HQColon: A Hybrid Interactive Machine Learning Pipeline for High Quality Colon Labeling and Segmentation
Martina Finocchiaro, Ronja Stern, Abraham George Smith, Jens Petersen, Kenny Erleben, Melanie Ganz
TL;DR
HQColon presents a fully automatic, high-resolution colon segmentation method for CT colonography to support digital twins and AI-driven diagnostics. It combines a semi-automatic, expert-validated labeling pipeline with an interactive ML step for fluid pockets and trains four 3D nnU-Net models on raw and masked inputs to segment both air-filled and full colon. Compared with the open-source TotalSegmentator, HQColon delivers substantially higher boundary accuracy (HD95) and surface distance (ASSD), and captures challenging features such as fluid pockets and haustral folds, with a typical inference time around 69 seconds on a high-end GPU. The work provides open-source code and a large, publicly available annotated dataset, reducing labeling effort and enabling broad adoption in research and clinical workflows.
Abstract
High-resolution colon segmentation is crucial for clinical and research applications, such as digital twins and personalized medicine. However, the leading open-source abdominal segmentation tool, TotalSegmentator, struggles with accuracy for the colon, which has a complex and variable shape, requiring time-intensive labeling. Here, we present the first fully automatic high-resolution colon segmentation method.
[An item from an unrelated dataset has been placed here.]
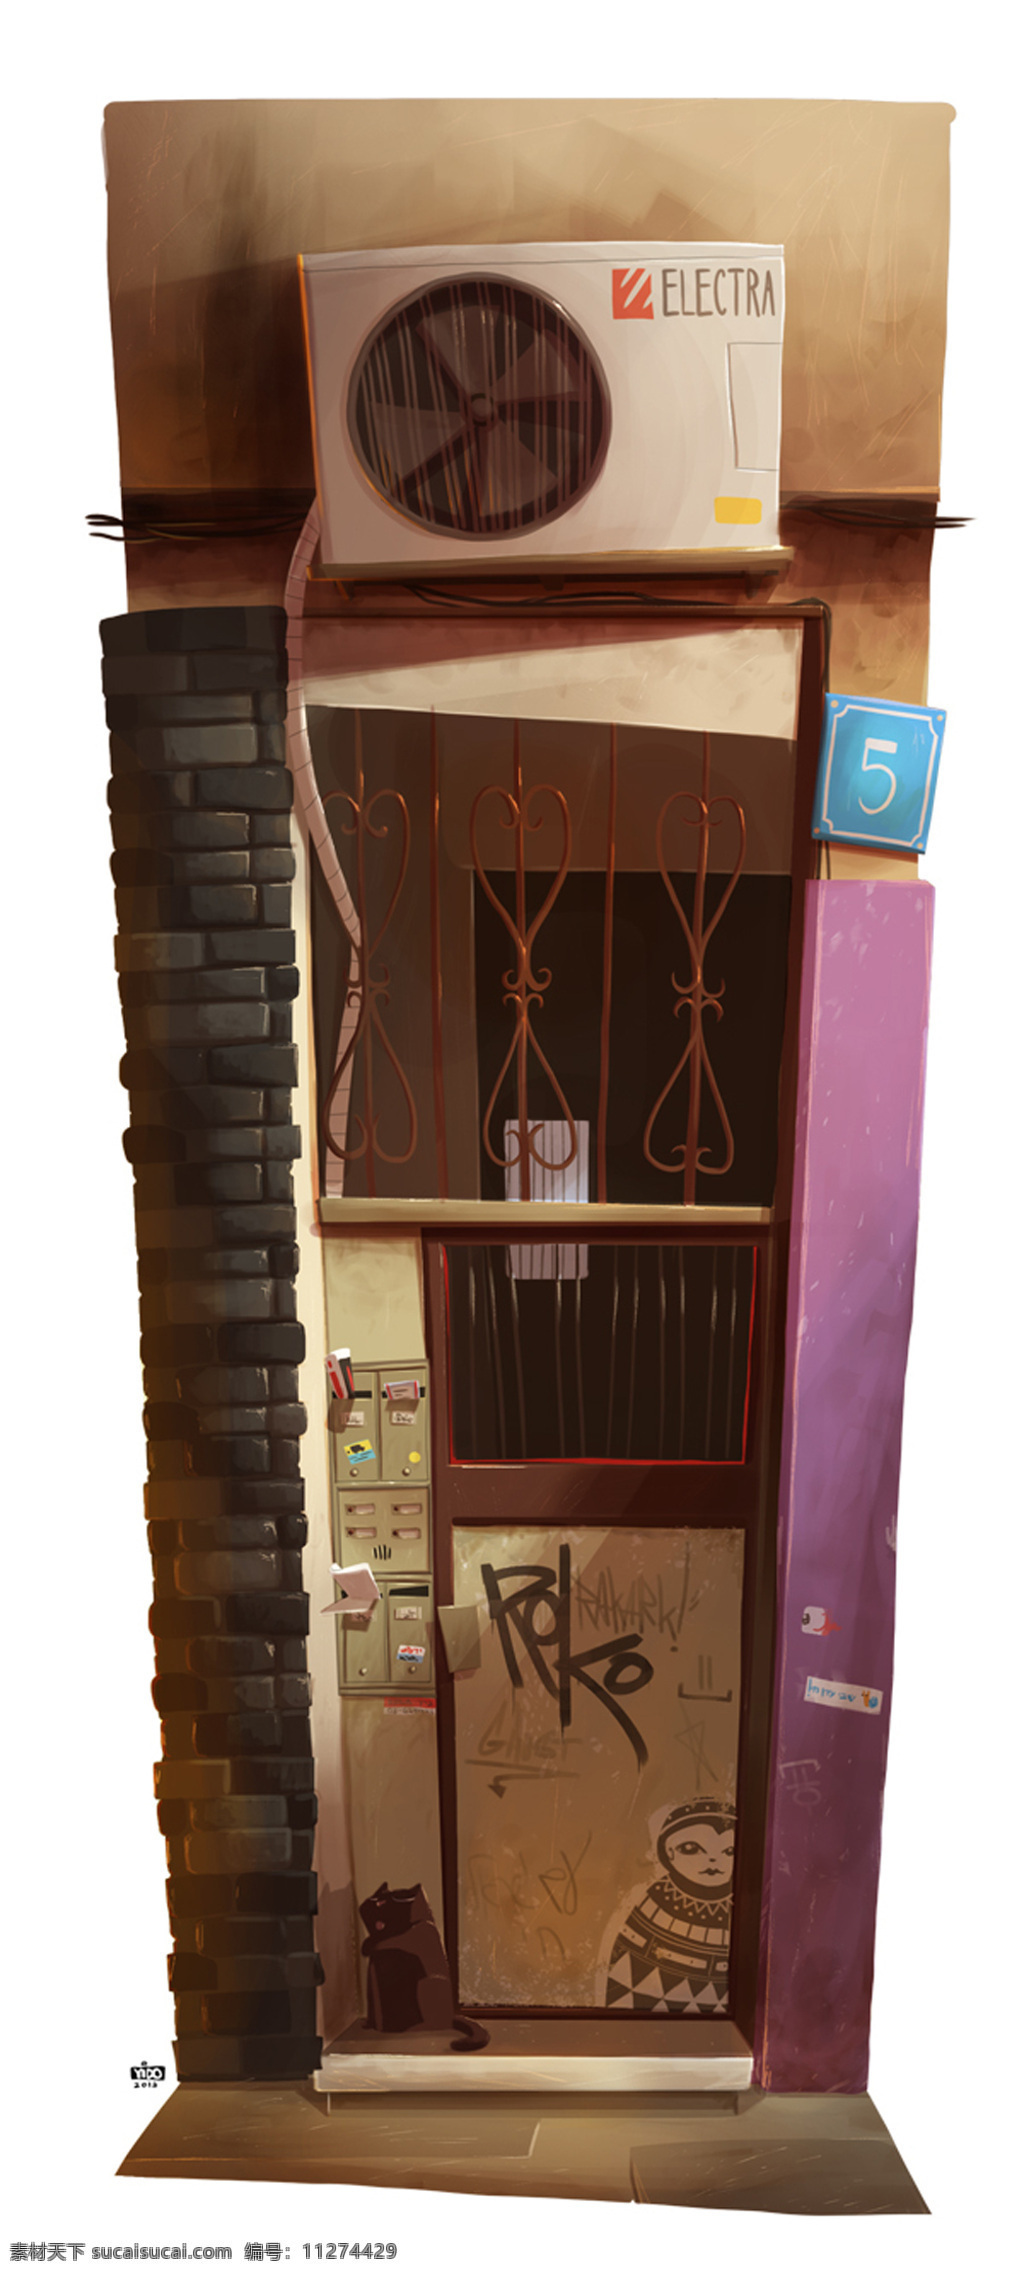 胡同 巷子 筒子楼 复古 小时候 儿时 街头 涂鸦 门头 空调 动漫动画 风景漫画 白色

To develop it, we first created a high resolution colon dataset using a pipeline that combines region growing with interactive machine learning to efficiently and accurately label the colon on CT colonography (CTC) images. Based on the generated dataset consisting of 435 labeled CTC images we trained an nnU-Net model for fully automatic colon segmentation. Our fully automatic model achieved an average symmetric surface distance of 0.2 mm (vs. 4.0 mm from TotalSegmentator) and a 95th percentile Hausdorff distance of 1.0 mm (vs. 18 mm from TotalSegmentator). Our segmentation accuracy substantially surpasses TotalSegmentator. We share our trained model and pipeline code, providing the first and only open-source tool for high-resolution colon segmentation. Additionally, we created a large-scale dataset of publicly available high-resolution colon labels.